■ **RECORDS TO PROCESS**:

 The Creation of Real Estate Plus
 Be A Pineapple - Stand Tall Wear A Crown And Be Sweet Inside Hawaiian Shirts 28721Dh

* * *

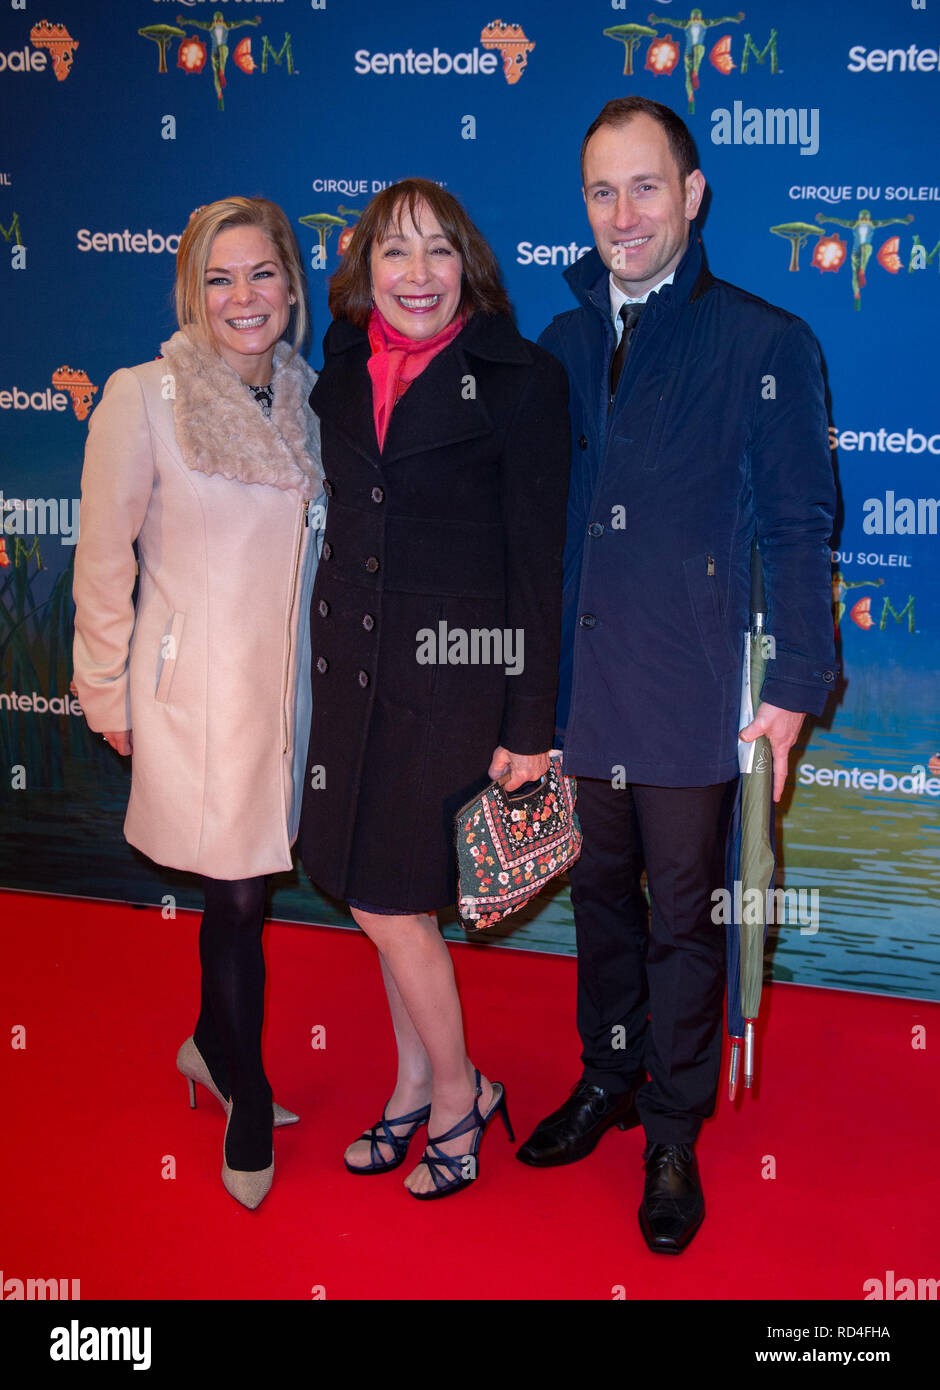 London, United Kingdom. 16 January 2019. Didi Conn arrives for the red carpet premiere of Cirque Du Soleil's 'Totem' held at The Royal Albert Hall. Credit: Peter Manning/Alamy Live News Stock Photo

---

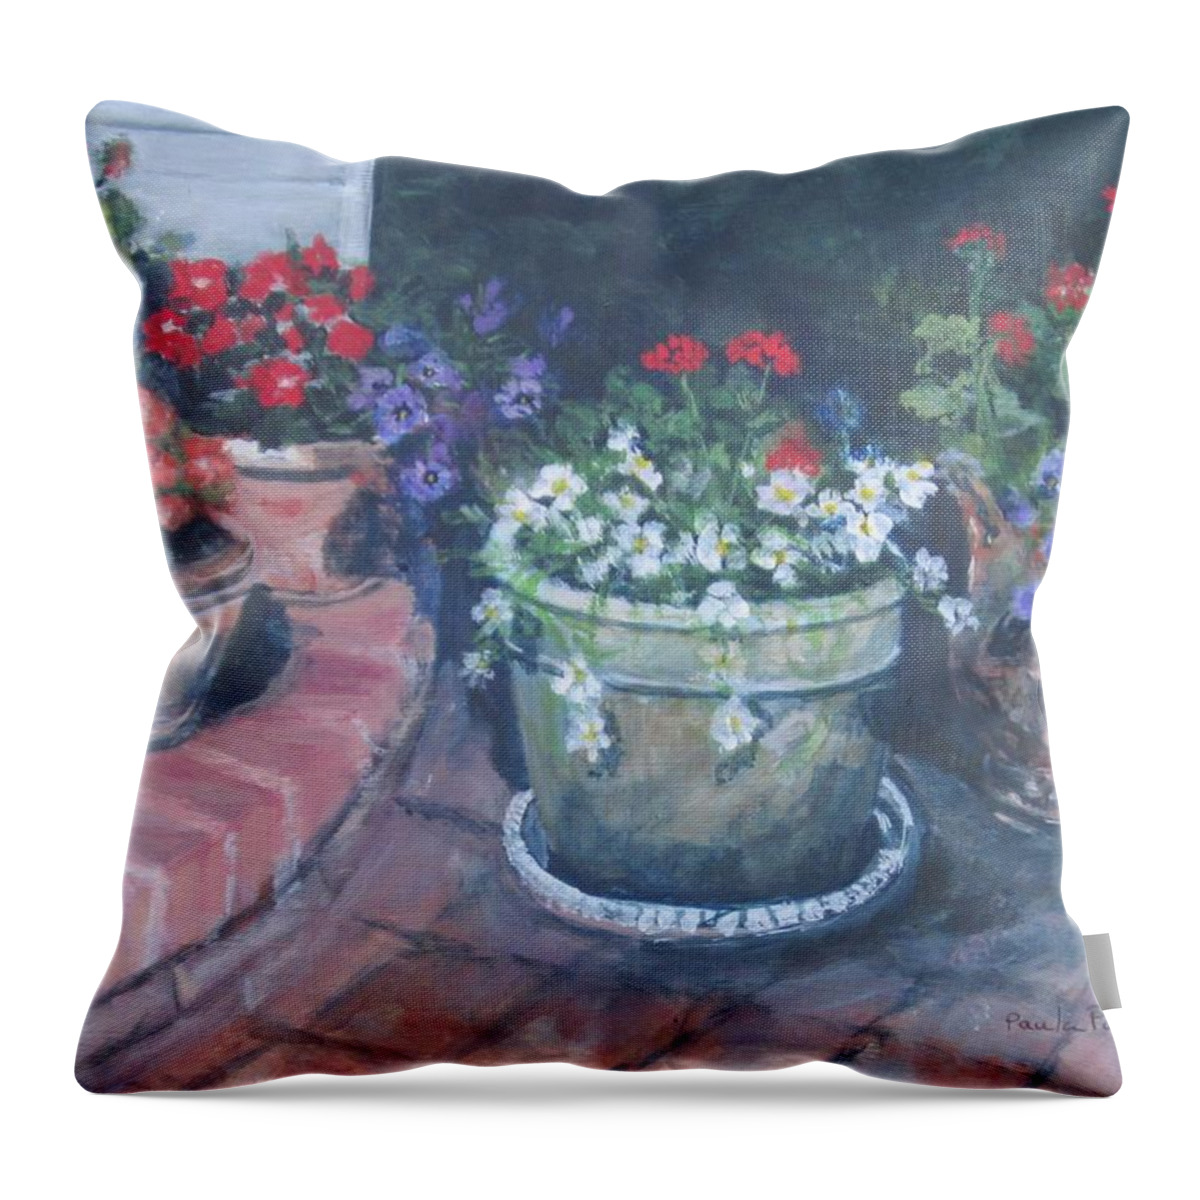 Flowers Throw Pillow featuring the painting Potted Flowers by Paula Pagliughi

■ **WORK TASK**:
Only the lines above starting at the line that holds "The Creation of Real Estate Plus" and ending at the line that holds "Be A Pineapple" are to be repeated, exactly and in full.

■ **EXPECTED ANSWER**:
 The Creation of Real Estate Plus
 Be A Pineapple - Stand Tall Wear A Crown And Be Sweet Inside Hawaiian Shirts 28721Dh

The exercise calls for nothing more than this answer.